With respect to courage and cowardice, Irving several times praises Grass’s courage, while impugning the cowardice of his critics: “Grass’s most egregious critic—Christopher Hitchens, in Slate—calls him ‘something of a bigmouth and a fraud, and also something of a hypocrite.’ It is Grass’s craven critics—the fatuous Hitchens among them—who should feel ashamed.” Why courageous? Wherefore craven? It took initially significant literary gifts but no vast courage to be Günter Grass in West Germany, where Grass made a very good career out of being the self-appointed national scold. Christopher Hitchens, whose self-described contrarianism seems genuinely fearless, is an odd man to call a craven critic, and while many find Hitchens maddening, few have ever called him fatuous—reckless and vitriolic, maybe, but not fatuous.

As alliteration, both “Grass’s most egregious” and “craven critics” recall Spiro Agnew’s “nattering nabobs of negativism”: comically bad writing under the curious misapprehension that it is good writing. Irving’s piece is on more than one occasion unintentionally amusing: For example, while it begins with praise of Grass’s literary gifts, Irving implies that these literary gifts are not least so great an achievement, for which much should be forgiven if anything at all need be forgiven, because they served to inspire Irving to become a novelist.
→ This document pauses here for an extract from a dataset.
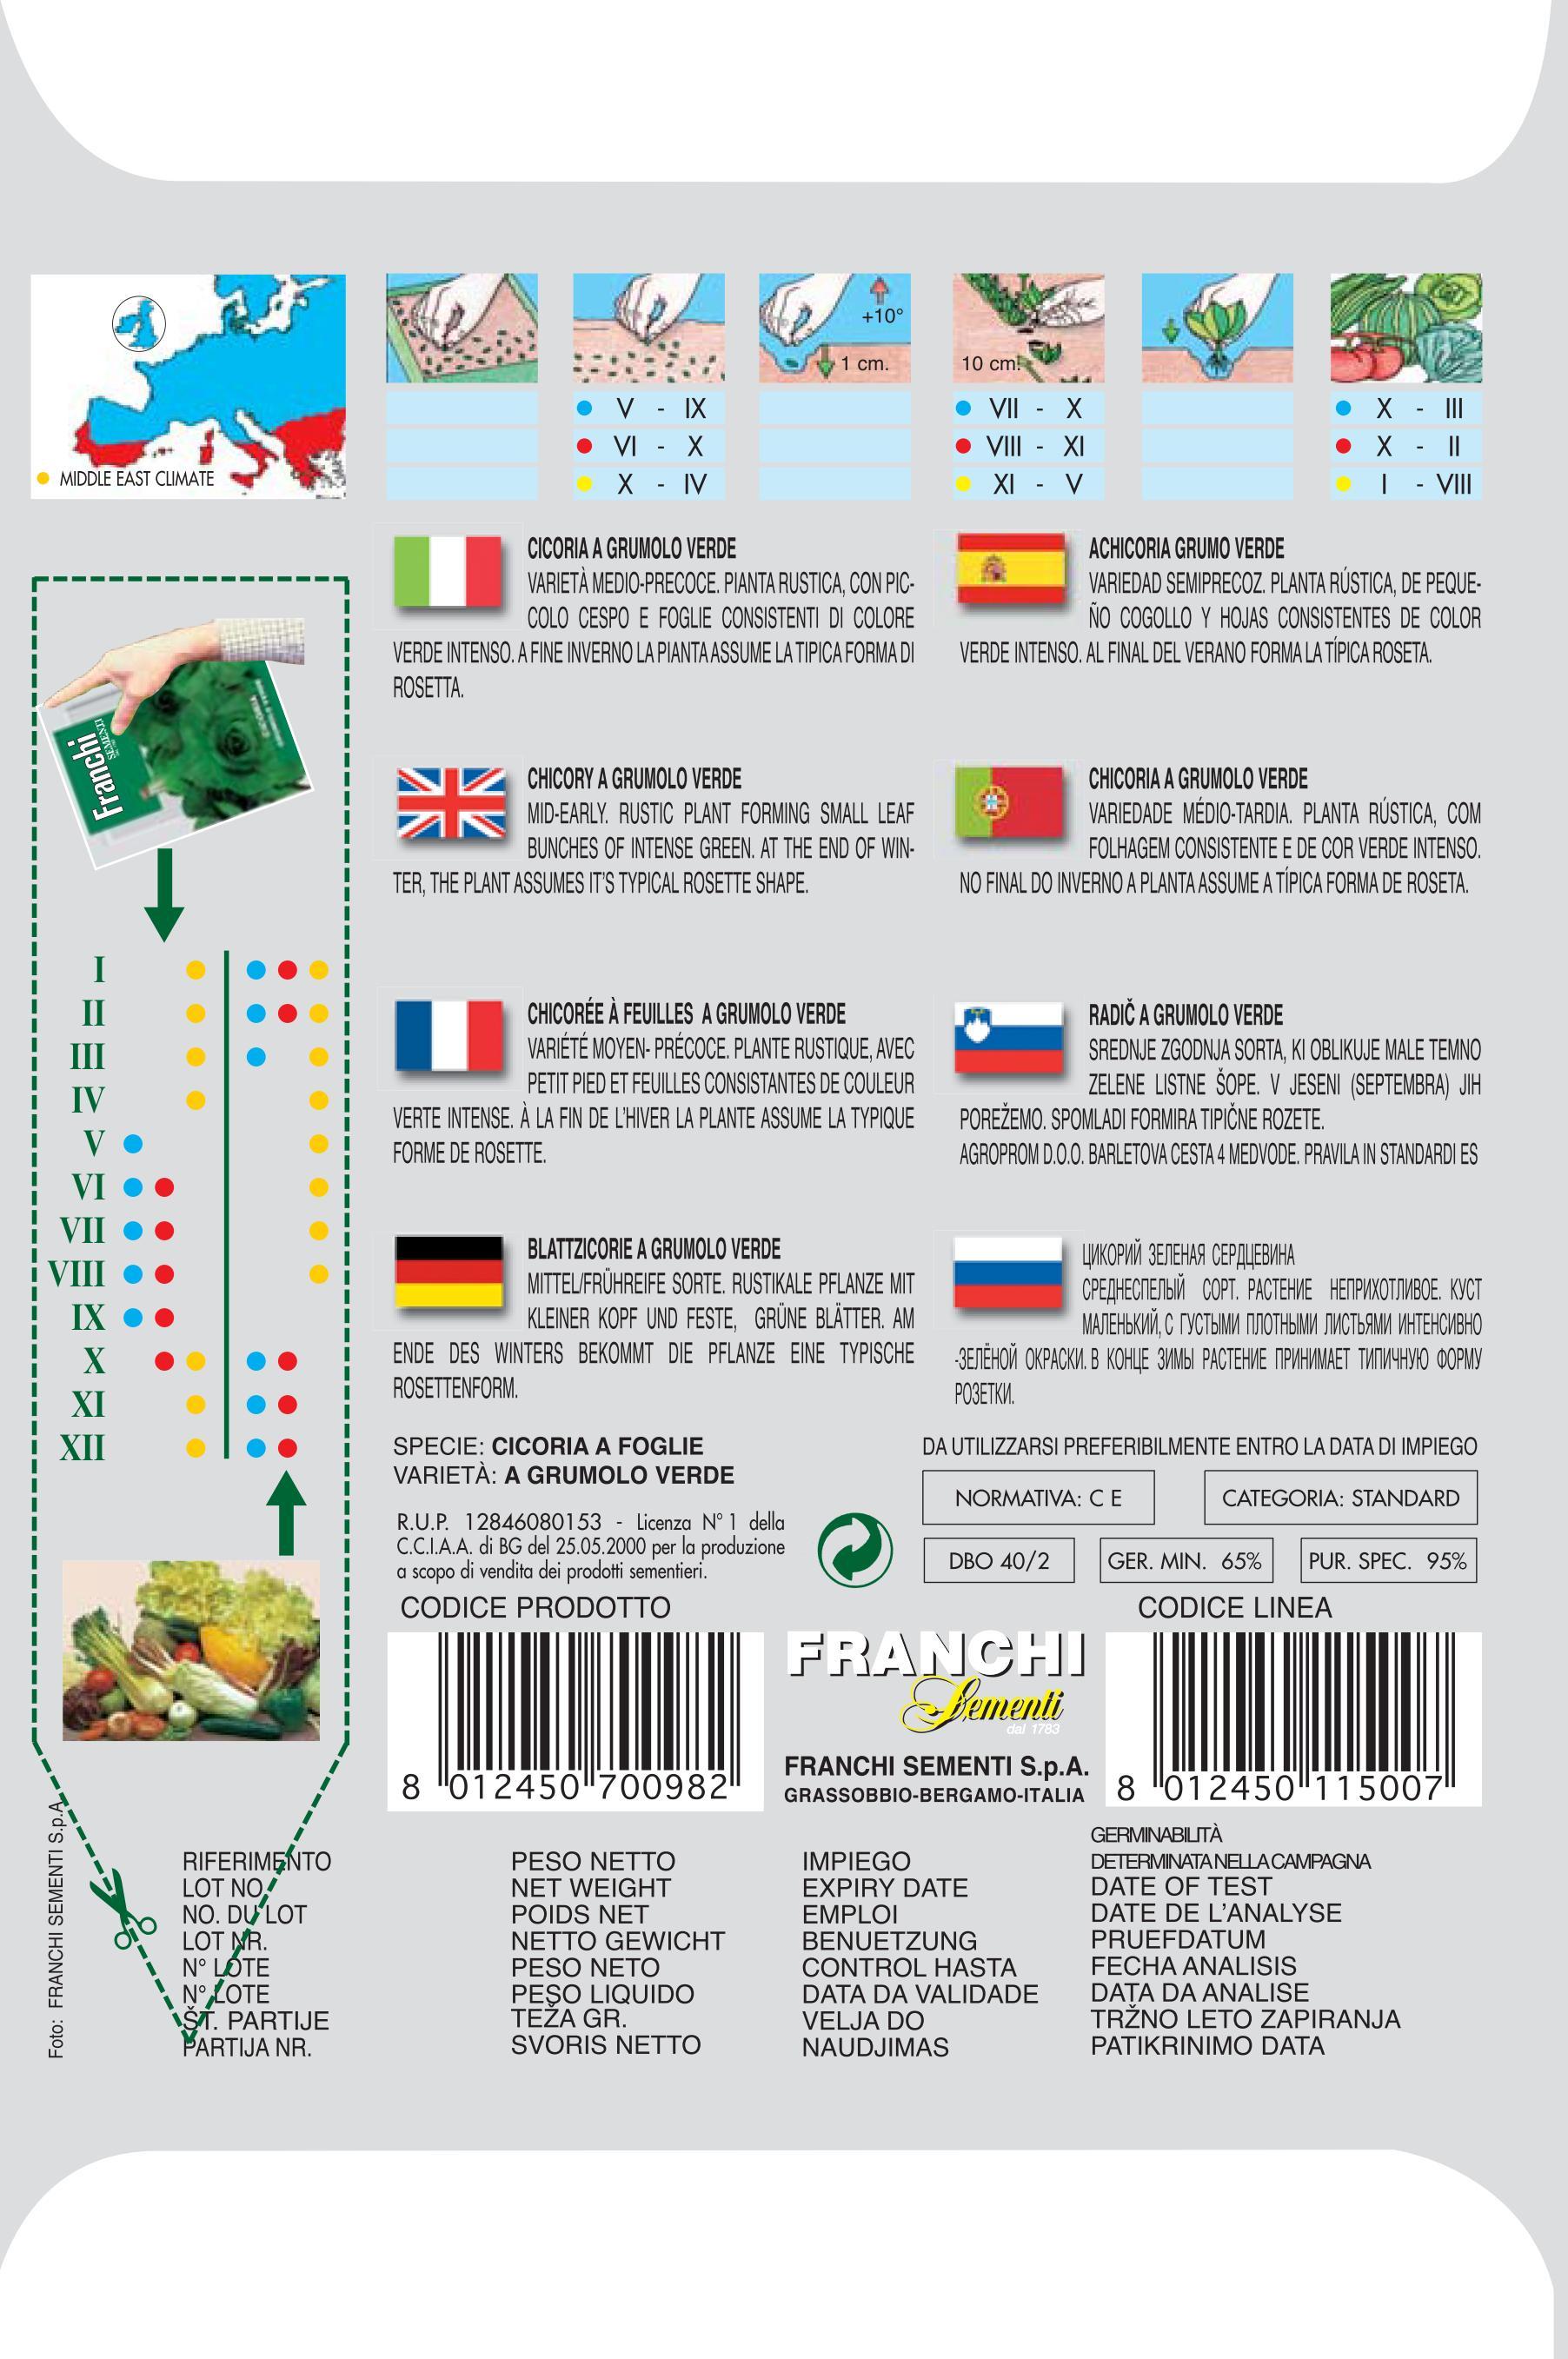 Chicory Grumolo Verde

Irving’s second sentence, in a piece approaching 4500 words, notes that “. . . Dickens made me want to be a writer—but it was reading “The Tin Drum” at 19 and 20 that showed me how. It was Günter Grass who demonstrated that it was possible to be a living writer who wrote with Dickens’s full range of emotion and relentless outpouring of language . . .” Justifying more than sixty years of bullying and evasiveness on the grounds that Grass is indirectly responsible for producing The Cider House Rules is not a risk-free rhetorical strategy. Similarly, Irving praises Grass’s “moral certainty,” a quality less consistently alluring than Irving seems to think it is, in Grass or in anyone else. So it turns out that hindsight, which is proverbially said to be always 20/20, can on occasion fall sadly short of that high rating. In this case, hindsight has failed not Grass’s enemies, but his friends.